Rhode Island news
Rhode Island attracts sex traffickers, say experts
01:00 AM EDT on Sunday, October 26, 2008
PROVIDENCE –– When most people think of slavery these days, “they think of the Civil War,” says Shanna Wells, director of the Rhode Island Commission on Women.
But in fact, said Wells, slavery is occurring now in neighborhoods around Rhode Island, in the form of the forced prostitution of women and girls — some runaways, some brought here from other countries. Their captors are attracted to Rhode Island, she said, because it is one of only two states that consider prostitution legal, as long as it occurs indoors between consenting adults.

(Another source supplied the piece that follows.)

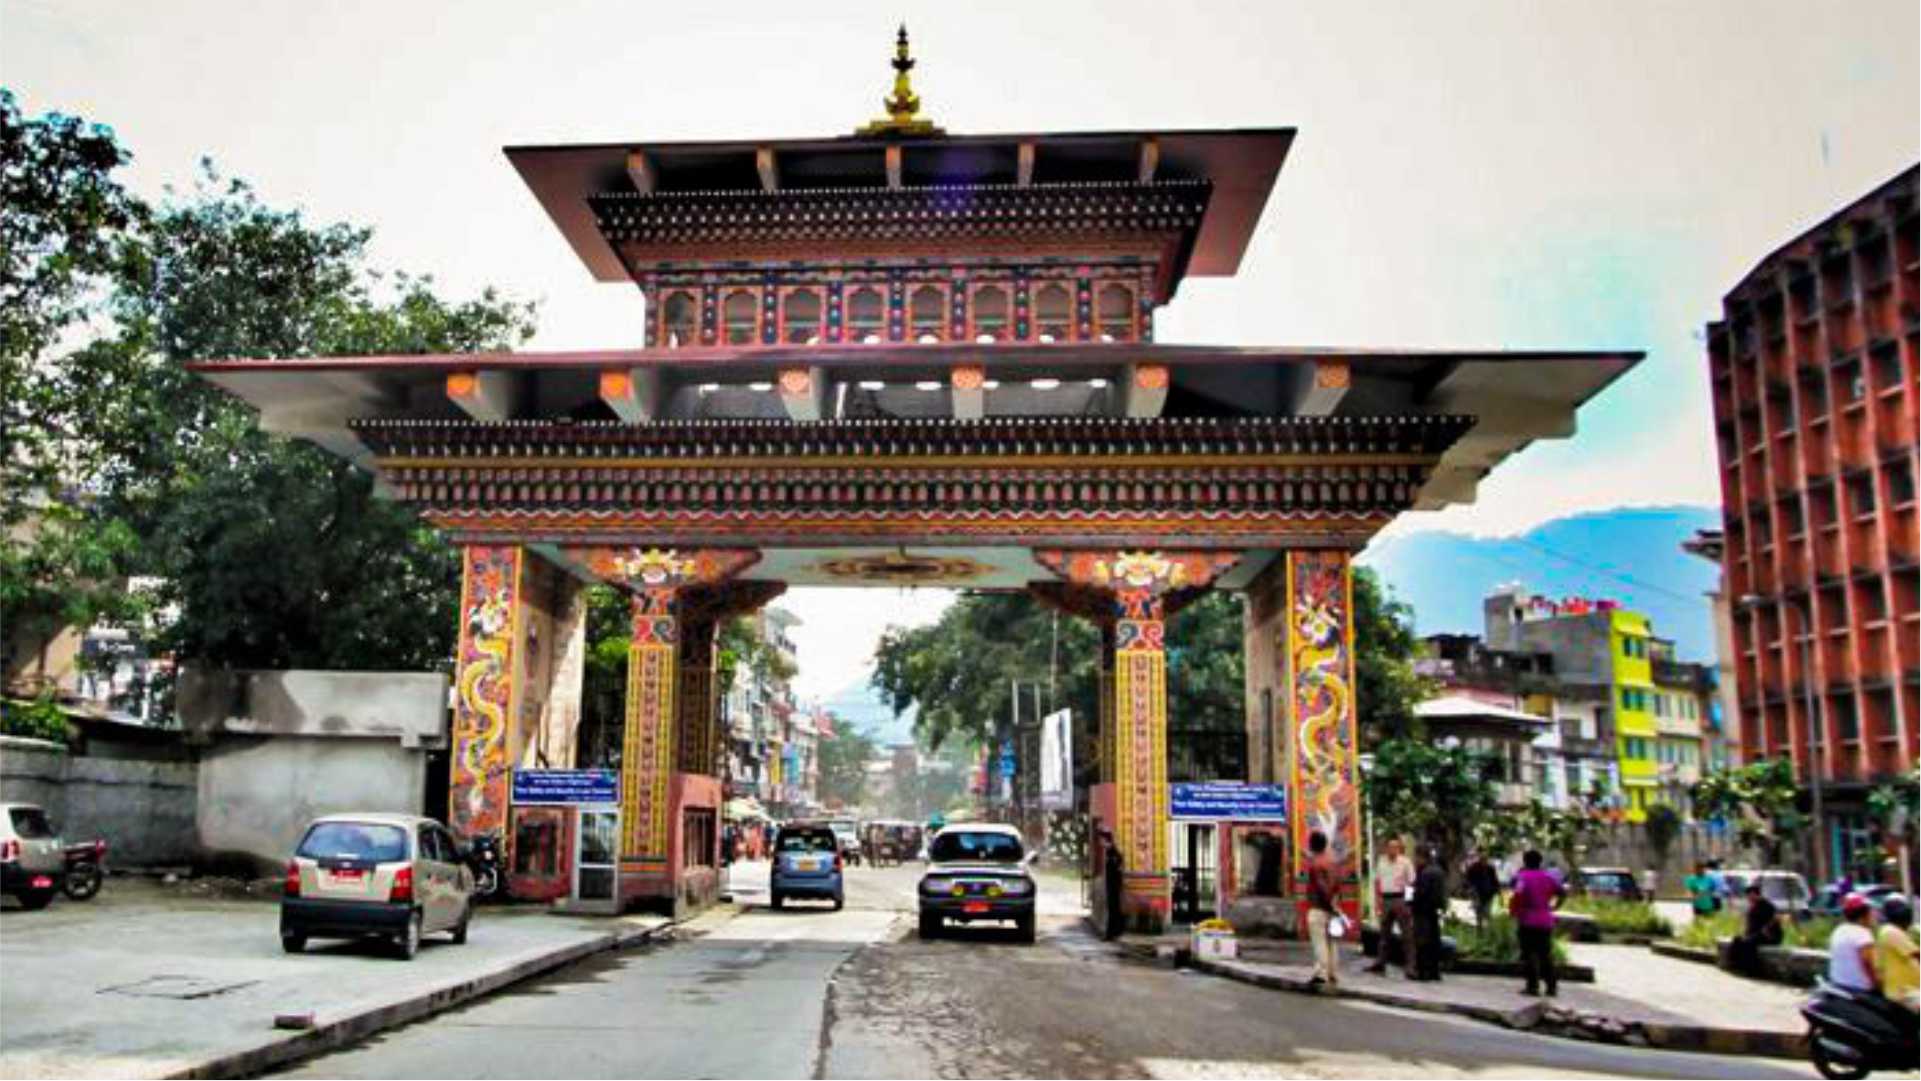 Gateway to Bhutan 1 Night / 2 Days

“The word has gone out that Rhode Island is the place to come to to open your brothel,” said Donna M. Hughes, a University of Rhode Island professor who has studied international sex trafficking. “We are rapidly becoming the sex trafficking capital of the Northeast.”
Melanie Shapiro, spokeswoman for the Rhode Island Coalition Against Human Trafficking, said that not long ago Rhode Island had a handful of brothels, and today there are 28.

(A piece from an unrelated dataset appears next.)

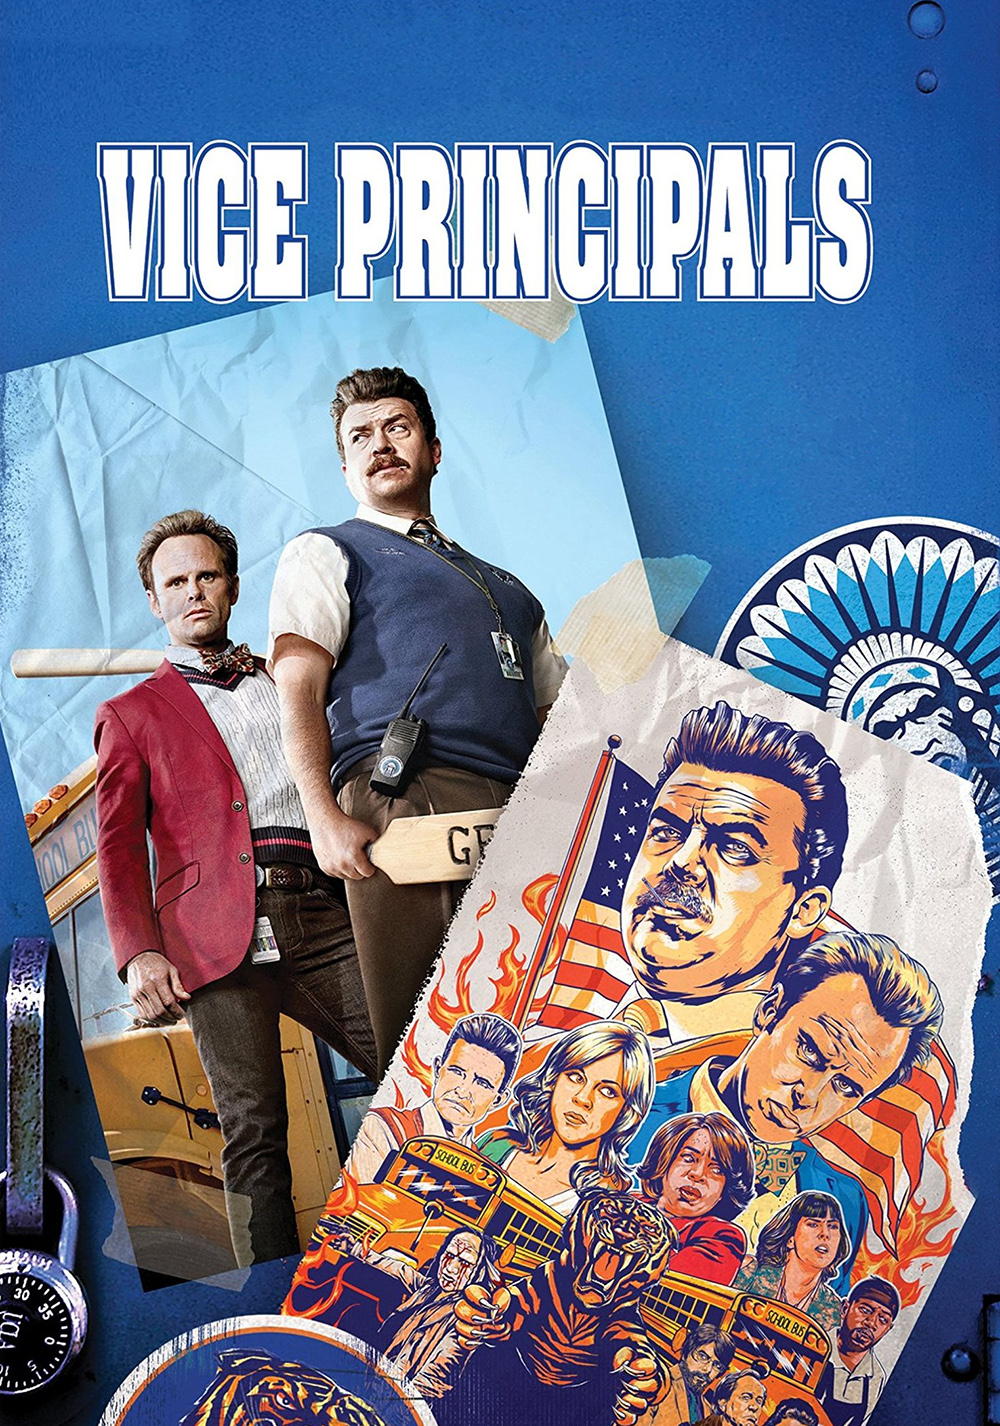 Vice Principals Wallpapers

Yesterday, a couple of dozen people gathered at the Grace Church to discuss the issue and then marched through the streets to call for action.
Wells said that efforts to toughen Rhode Island’s prostitution laws haven’t gotten much traction because legislators are not hearing about it from their constituents. So the coalition’s first task — and the purpose of yesterday’s march — was to raise awareness so that citizens will demand change.
According to Hughes, Rhode Island is among only three states where there have been no federal prosecutions for sex trafficking. “We need to ask the U.S. Attorney why,” she said. Similarly, the state has not made use of its own law intended to stop trafficking, and she called on Attorney General Patrick C. Lynch to explain why.
But the criminal justice system must not arrest victims or put the burden on victims to prove that they were coerced, Hughes cautioned. When prosecutions have required women to testify against powerful, brutal men, the cases tend to fall apart because the women “crack and have a meltdown on the witness stand.”
“Stop treating the victims as criminals,” she said. “Arresting them will not solve the problem.”
Instead, the anti-trafficking effort can learn from the fight against domestic violence, once considered a personal, private matter. Advocates pushed for laws requiring the police to determine who is the victim and arrest the abuser.
Paraphrasing a quote that is often attributed to the 18th-century British philosopher Edmund Burke, Shapiro said, “Evil requires only that good people do nothing. … Let’s get out there. Let’s do something about this.”